Walking through silence

Harriet Hart shares her experience of walking worship

Walking through silence . . . | Photo: Photo: Harriet Hart

As soon as I could walk my parents gathered their patience about them and refused to carry or push me. I was brought up pattering through puddles and stomping through leaf mould. All of our holidays took us to wild places and, with two outdoor instructors caring for me, I was encouraged to develop a love of the land and all that grows on it.

This relationship has a great bearing upon my world view. It gives me a connection to simplicity and a broadening of perspective. I find a connection out on the open moor that I also find in Meeting for Worship. There is a familiarity there that allows me to settle, that brings me back to the centre. While all landscapes speak to me on some level, the moorland of my upbringing remains powerfully uplifting.

Setting out

Leaving the village, heading for the moors, the path at first is muddy. Shaded by the trees, it passes the plinth of the old market cross and runs behind the church yard to enter the first of two tunnels. A brief patch of sky is visible as I follow the track into the second.

The walls are high on either side, moss covered and damp. These tunnels are a recent addition to an ancient road, built from a desire to shut out the lower classes. To the right of the path, behind the wall, sits the ornate, Victorian hunting lodge, Ingleborough Hall. Between 1807 and 1845 the Farrer family, owners of the Hall, dammed the river to create an ornamental lake and had the tunnels constructed so that they could access their estate without crossing the road or encountering its varied traffic. As a child these tunnels were always exciting to me. I stumbled on small legs, looking for the light, knowing that there would be an end to the pitfalls and rocks, and that soon we would find ourselves on the smooth cobbles of the ascent into the woodland.

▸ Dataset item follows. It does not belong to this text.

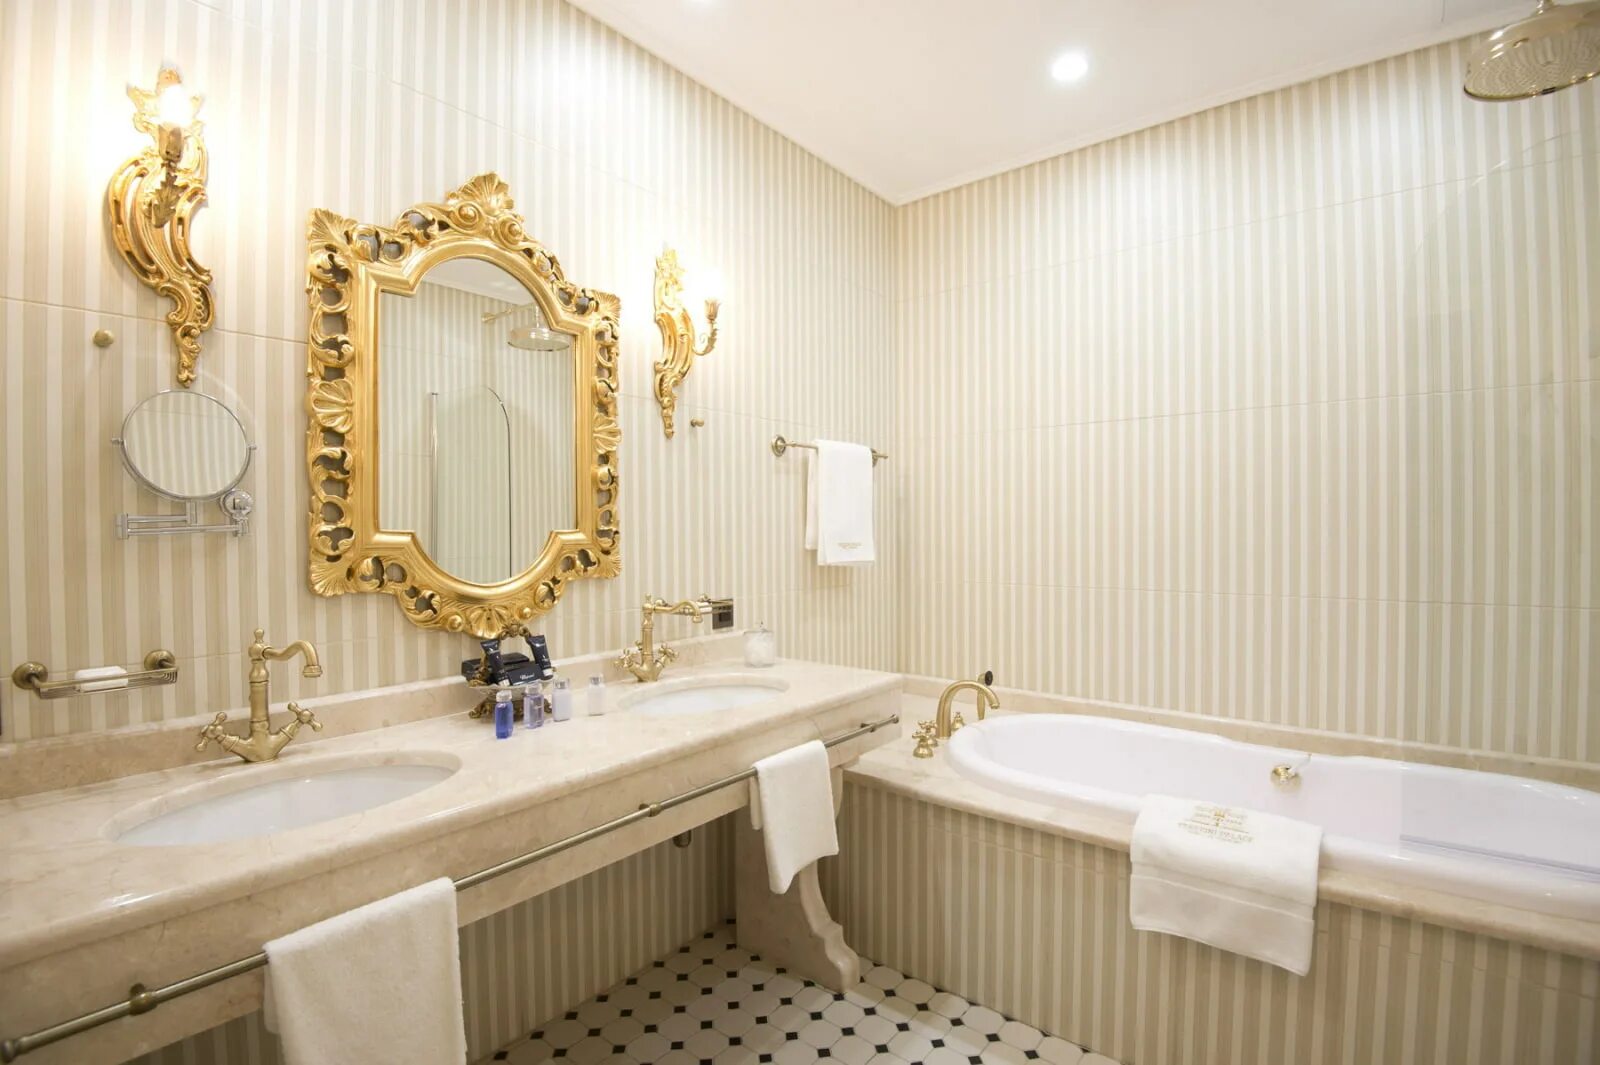 Ванная спб. Ванная в отеле в классическом стиле. Ванная в стиле Возрождения. Ванная в стиле Ренессанс. Гостиница санузел в классическом стиле.

As a child these tunnels were always exciting to me | Photo: Harriet Hart.

The soul of the land

The path that climbs through deciduous trees is always damp and frequented by pheasants. When I finally break out of the trees I am greeted by drystone walls, open fields, a puddle that stretches long and grey and a junction. Looking east, Thwaite Lane traces a rocky line towards Austwick and Settle with the wide stretch of the upper Wenning Valley to the right. Turning north, Long Lane descends to a stream and climbs again to level out, stretching all the way up the valley to the open moorland. Enclosed by drystone walls on each side, it lies unpaved, pale and rocky, pocked with puddles and patches of mud. It is solid and dependable. It has stories to tell of many travellers.

Originally it was used by drovers ushering livestock across the country, by farmers reaching moorland pastures, by monks travelling to monasteries in the north, by tradesmen carrying charcoal and salt and by thieves, pedlars and peasants. It is ages old, following the limestone for a drier passage connecting Roman roads and old settlements. As I walk I feel the stones through my boots, I consider those who have stepped here and I am touched by the deep connection of the sole and the land, of the soul and the land.

Uplifted

There is a gathered history embedded in this place that gives me a feeling similar to that I find in my local Meeting house. These are the traces of lives lived close to the land, close to the silence.

Moving on, I climb a stile and follow the path up to a knoll named Long Scar. Pausing to look all around I am uplifted. In the distance lies Pendle Hill, Pen-y-ghent is closer and to my back Ingleborough rises noble and silent.

Every time I do this walk I am awed by the mountain. It is so great and solid, and yet so silent. The browns and greens of its sedge-covered slopes are soft on the eye, the colours of earth. The sky spreads itself wide and blue above. It is out here that I feel most alive. I am part of this great existence, this silence that lies under and beyond all words. To me there is no greater church than this. While our Meeting houses become idolised and fussed over, while we wrap ourselves in semantic struggles, all of this goes on existing, living, breathing, in utter silence. While we construct a world based on thought and language, this land goes on. It was never a concept before it came into being; it was never a thought.

I am touched by the deep connection… of the soul and the land | Photo: Harriet Hart.

True communion

As I hold the earth in my palm, I know that I am also a handful of dust, that my body goes on dying, rebuilding, breathing and knowing without a single syllable passing my lips. This is the wordlessness of being that envelopes me in Meeting for Worship, that rises from every blade of grass and is reflected in every puddle. This is true communion. This is what I call God, in a constant struggle to remember it as the ground of our being.

Turning I follow the path across limestone pavements, eroded by the rain, exposing their fishy fossils to the glare of daylight. I cross soft bogs and scuff the sandy path as I turn left to face the final ascent.

At the summit I find myself immersed once more in the history of this land. I look out towards Morecambe Bay and the Lake District while stood in the doorway of an iron age hut circle and I am once more filled with the sensation that nothing else really matters. Nothing matters apart from the greatness of the land and its silence that answers the silence in me. This is all that there is.